● Description of the task:
With every picture left out, restate the listing below exactly as written.

● Source material:

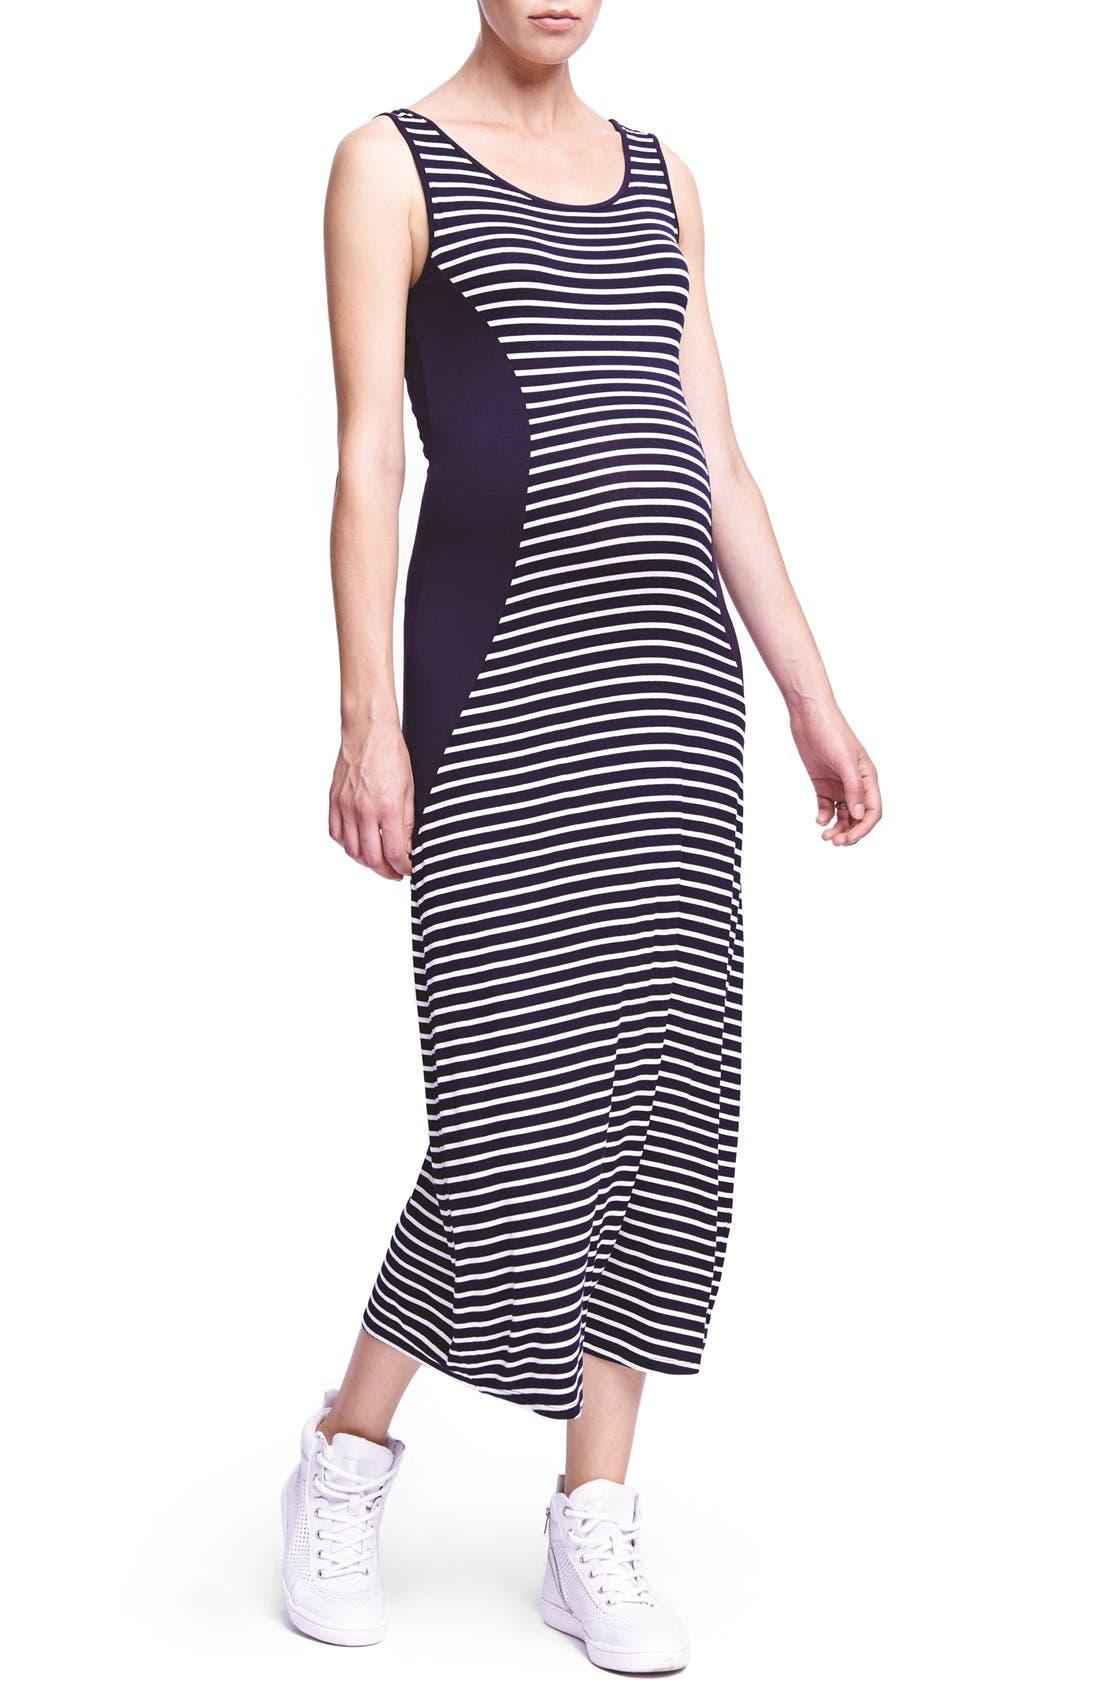 The Urban Ma Scoop Neck Maxi Lightweight Maternity Dress
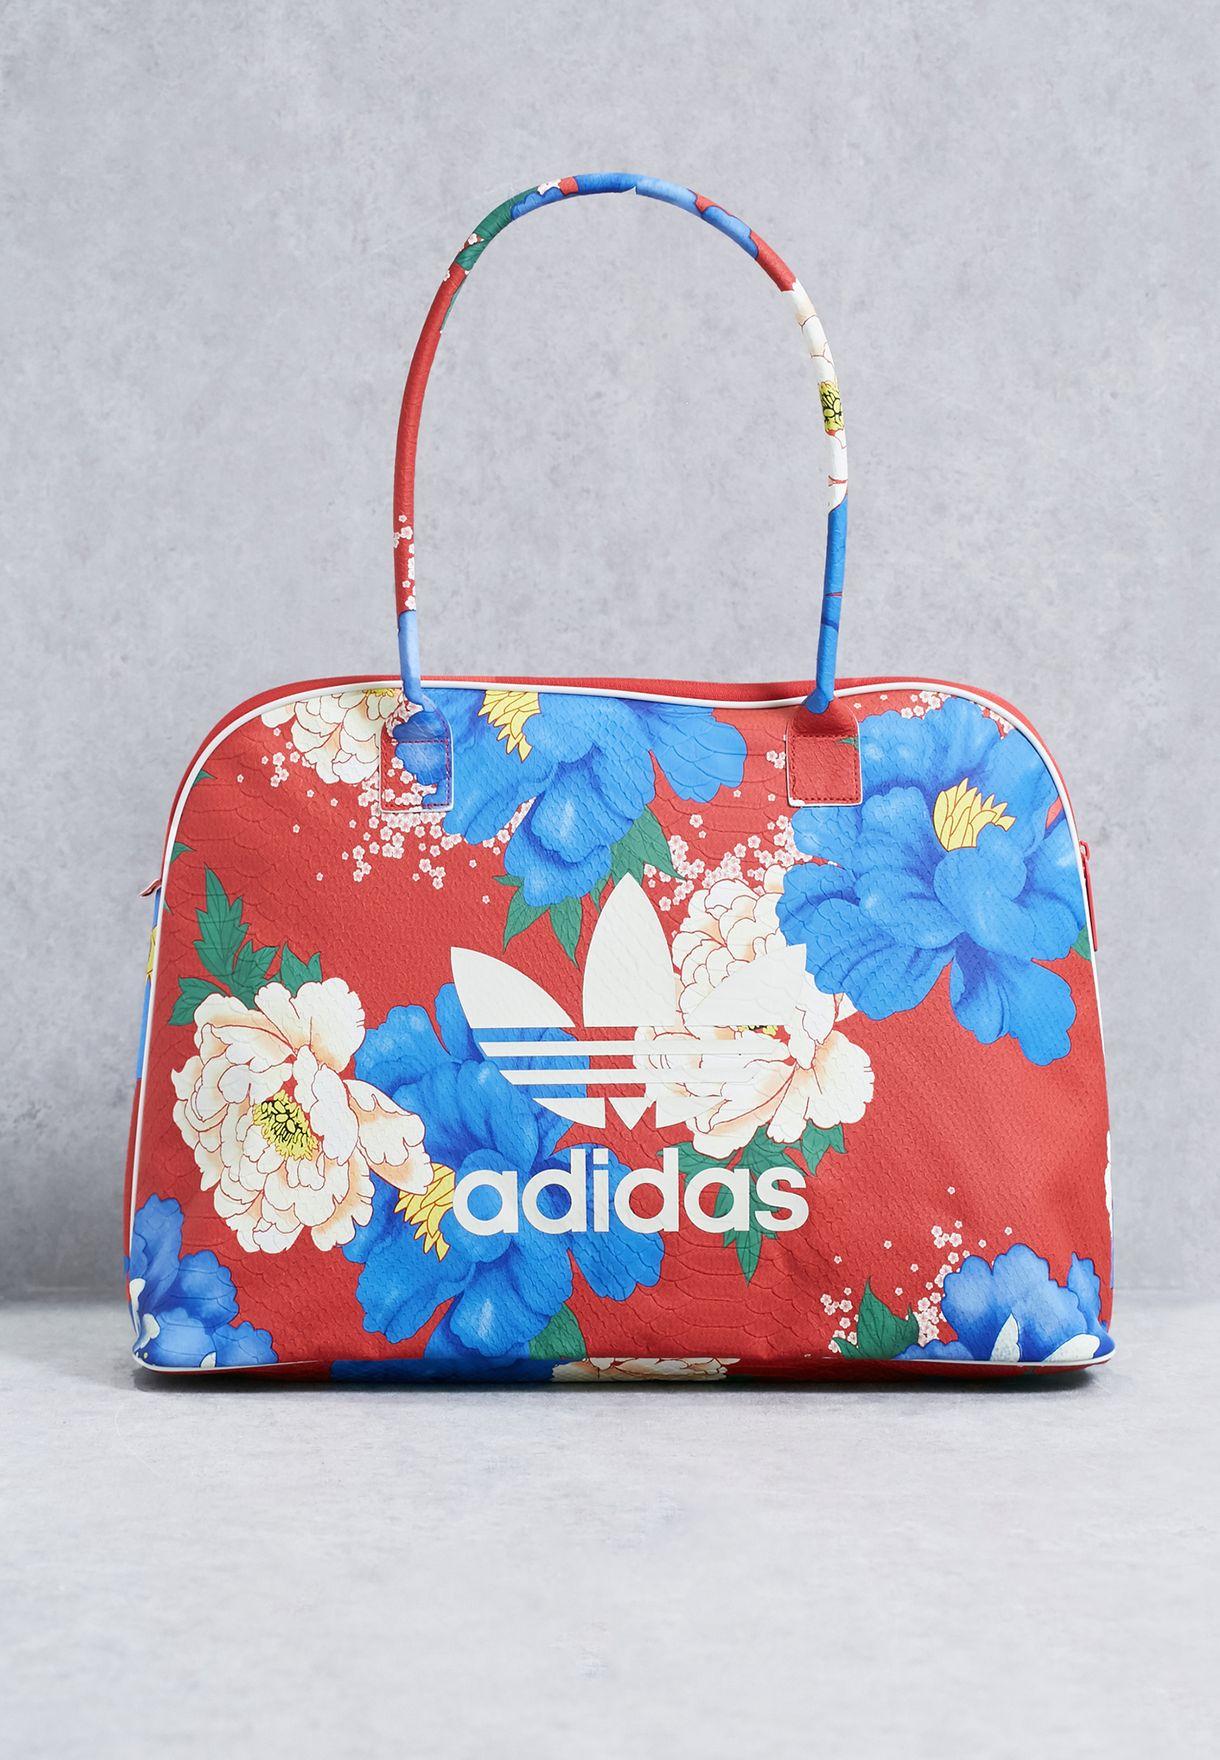 99bf1a63635 Shop adidas Originals prints Floral Shopper BK2140 for Women in Qatar -  AD478AC44WLJ
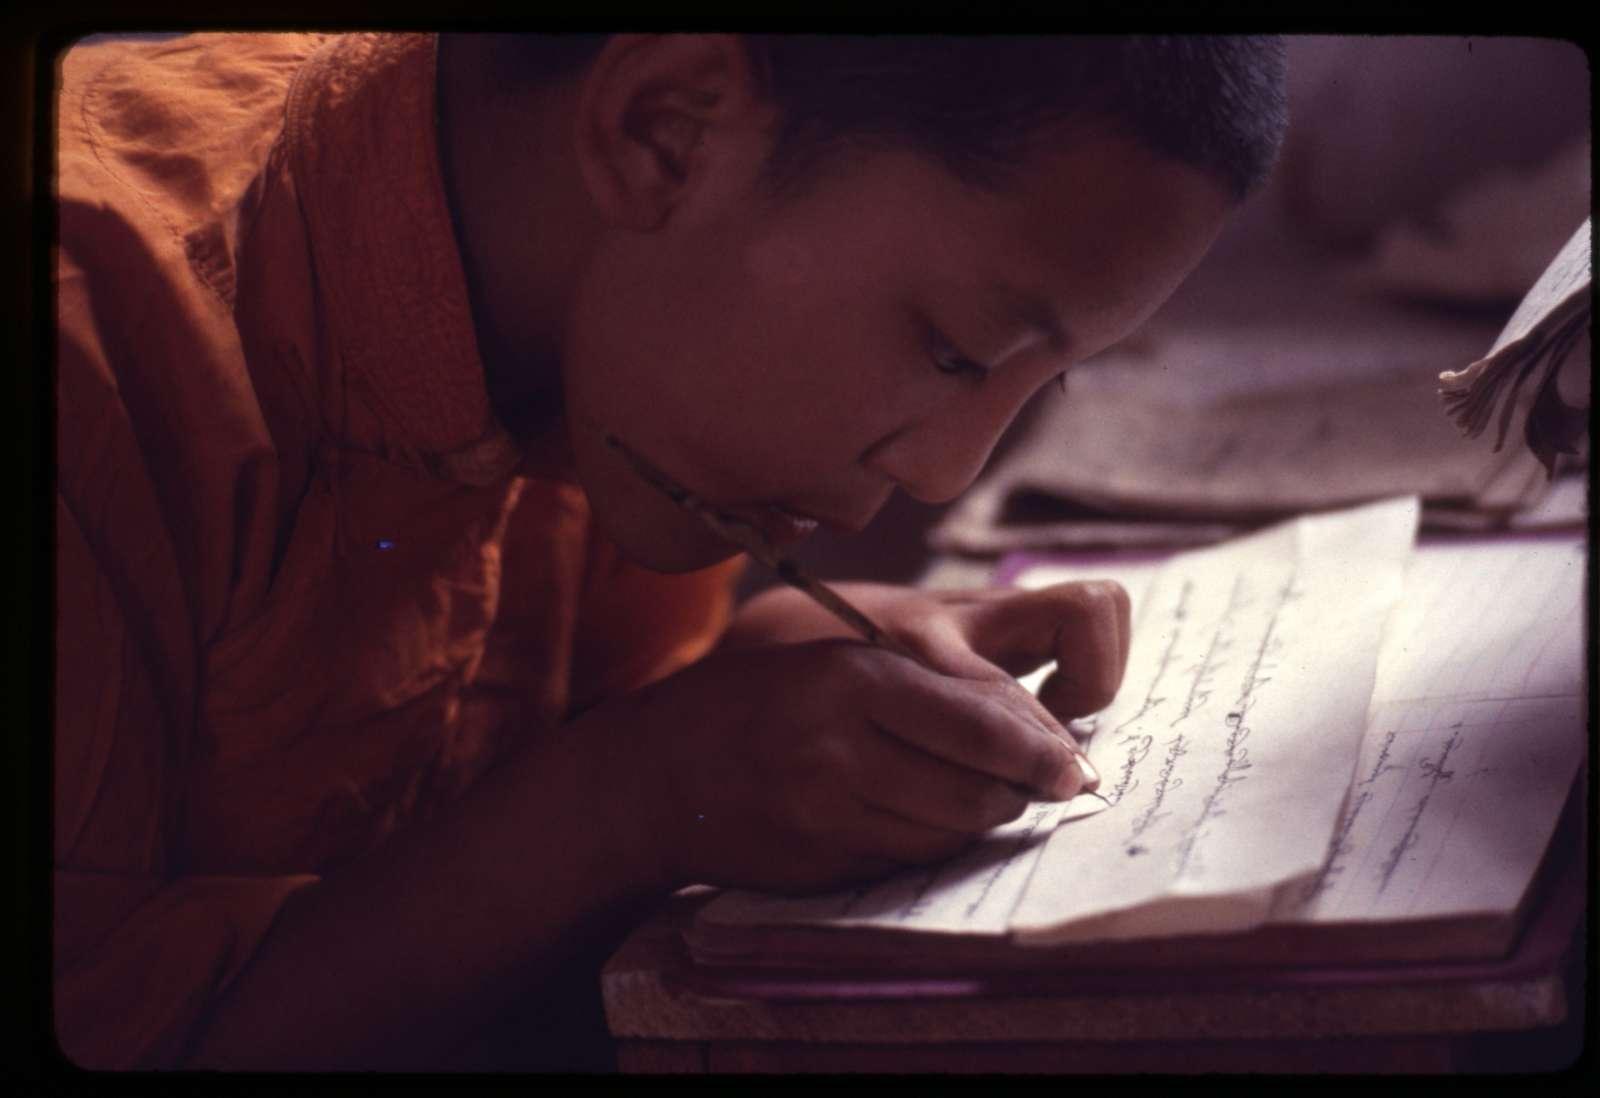 [Karmapa Lama's successor studying penmanship, Sikkim]
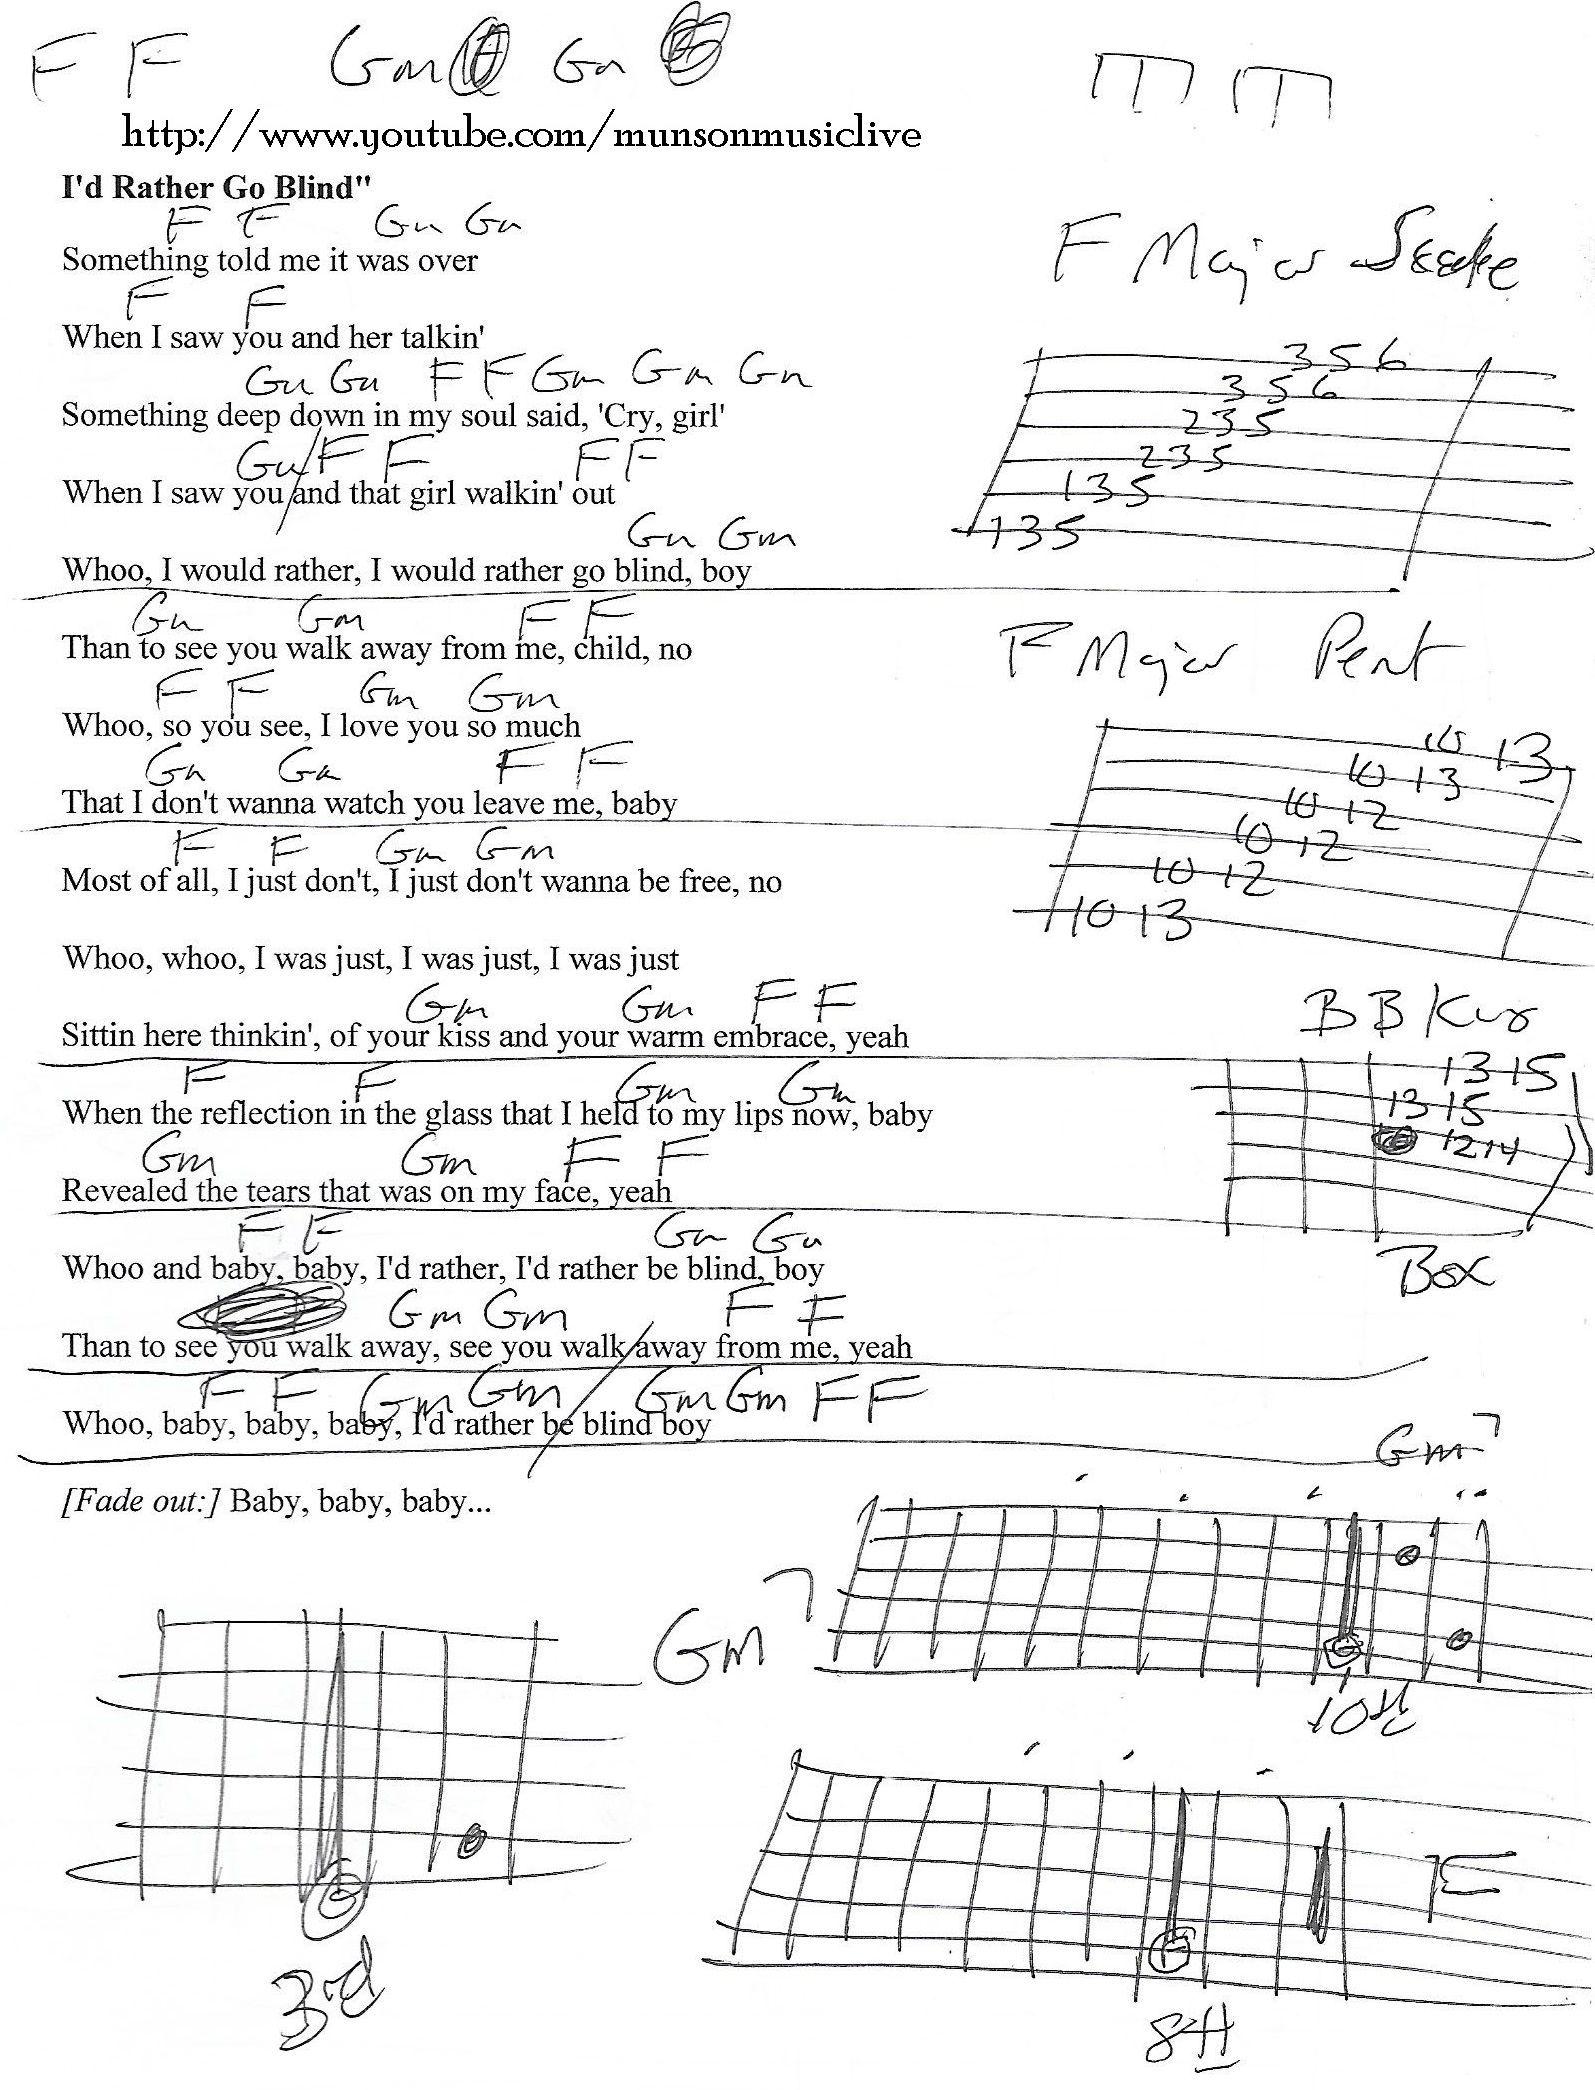 I D Rather Go Blind Guitar Chord Chart Guitar Chord Chart Guitar Songs Guitar Lessons

● Worked solution:
 The Urban Ma Scoop Neck Maxi Lightweight Maternity Dress
 99bf1a63635 Shop adidas Originals prints Floral Shopper BK2140 for Women in Qatar -  AD478AC44WLJ
 [Karmapa Lama's successor studying penmanship, Sikkim]
 I D Rather Go Blind Guitar Chord Chart Guitar Chord Chart Guitar Songs Guitar Lessons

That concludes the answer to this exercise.